Dataset records
= Beginning of Section =
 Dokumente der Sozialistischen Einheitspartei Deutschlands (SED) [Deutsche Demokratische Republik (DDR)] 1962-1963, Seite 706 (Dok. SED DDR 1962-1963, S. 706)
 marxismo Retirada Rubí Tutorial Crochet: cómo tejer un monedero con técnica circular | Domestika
= End of Section =
= Beginning of Section =
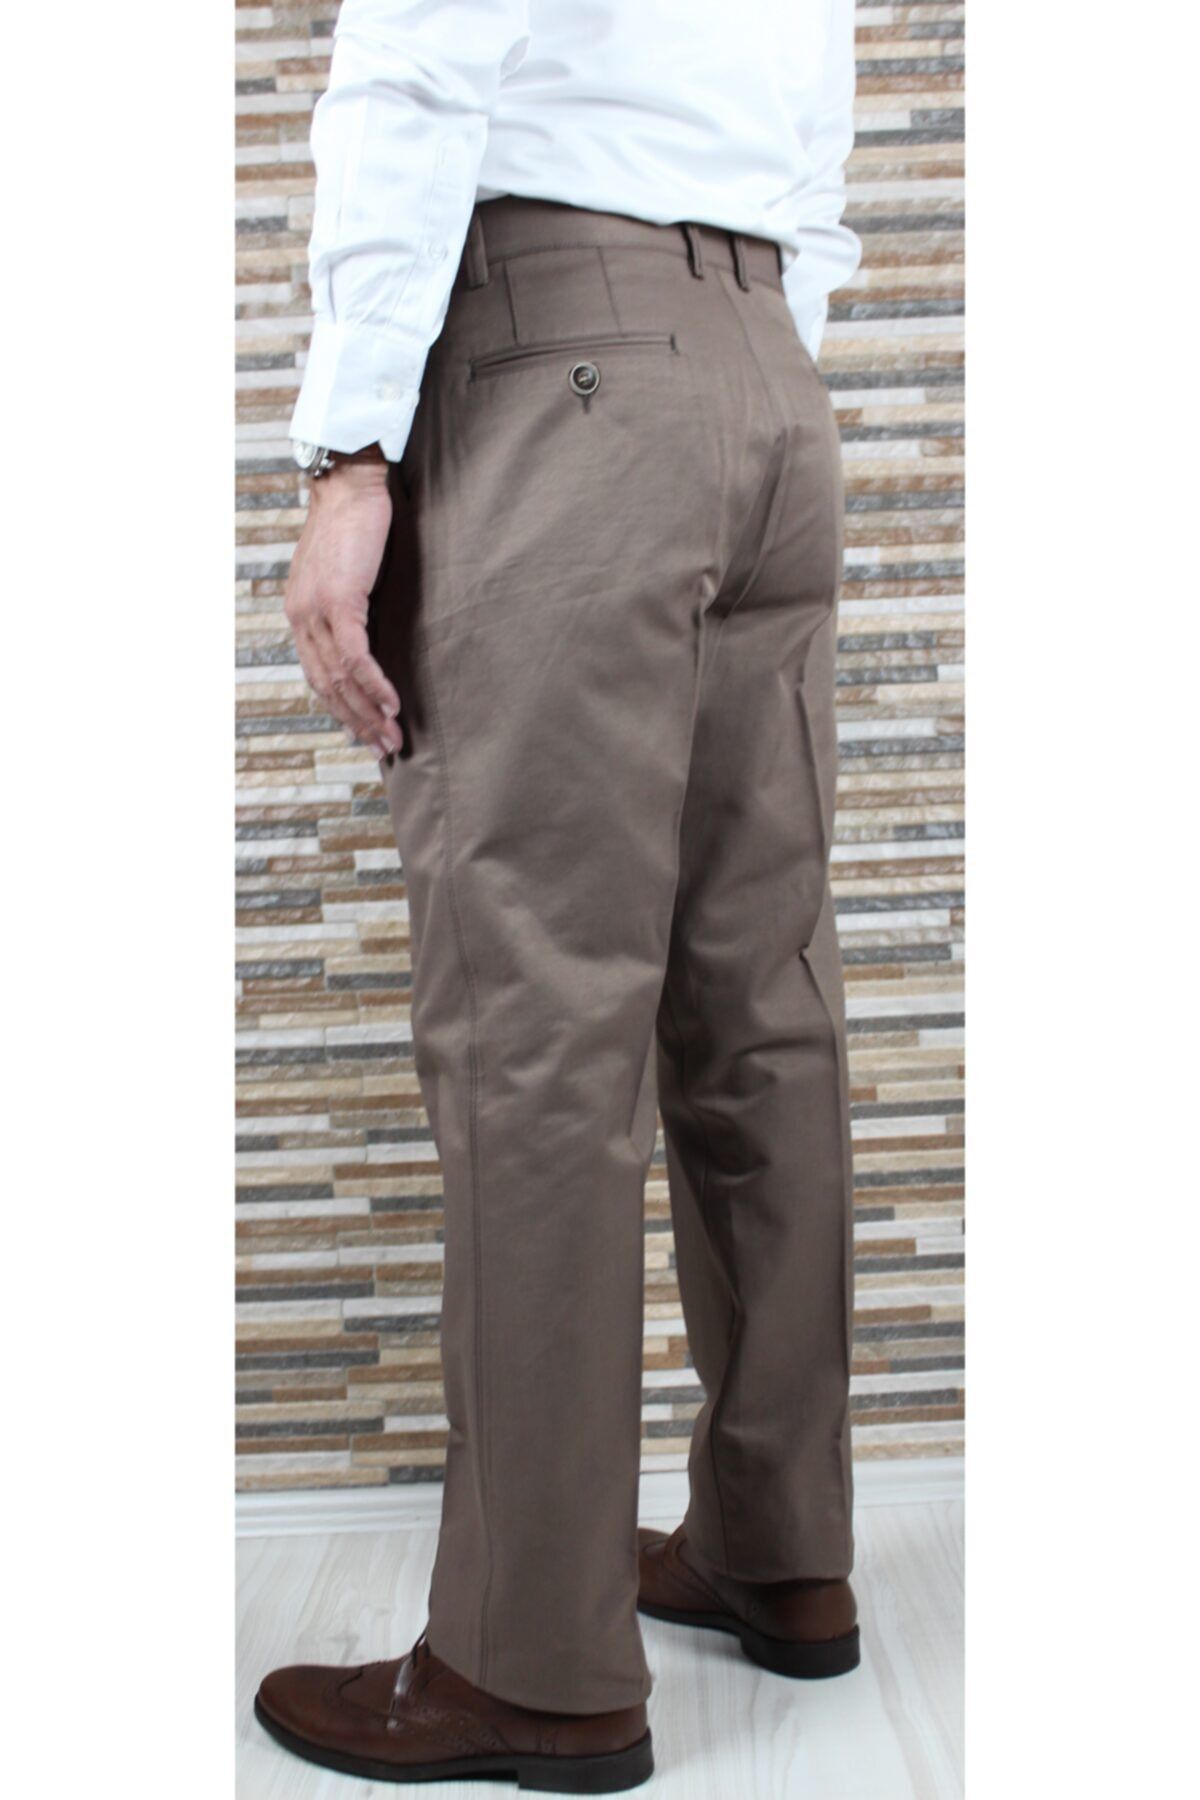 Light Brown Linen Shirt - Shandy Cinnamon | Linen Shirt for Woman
= End of Section =
What you have to do
Would you copy, unchanged, the stretch of the records above that begins at the line containing "Dokumente der Sozialistischen" and ends at the line containing "marxismo Retirada Rubí", and only that?

Task solution
 Dokumente der Sozialistischen Einheitspartei Deutschlands (SED) [Deutsche Demokratische Republik (DDR)] 1962-1963, Seite 706 (Dok. SED DDR 1962-1963, S. 706)
 marxismo Retirada Rubí Tutorial Crochet: cómo tejer un monedero con técnica circular | Domestika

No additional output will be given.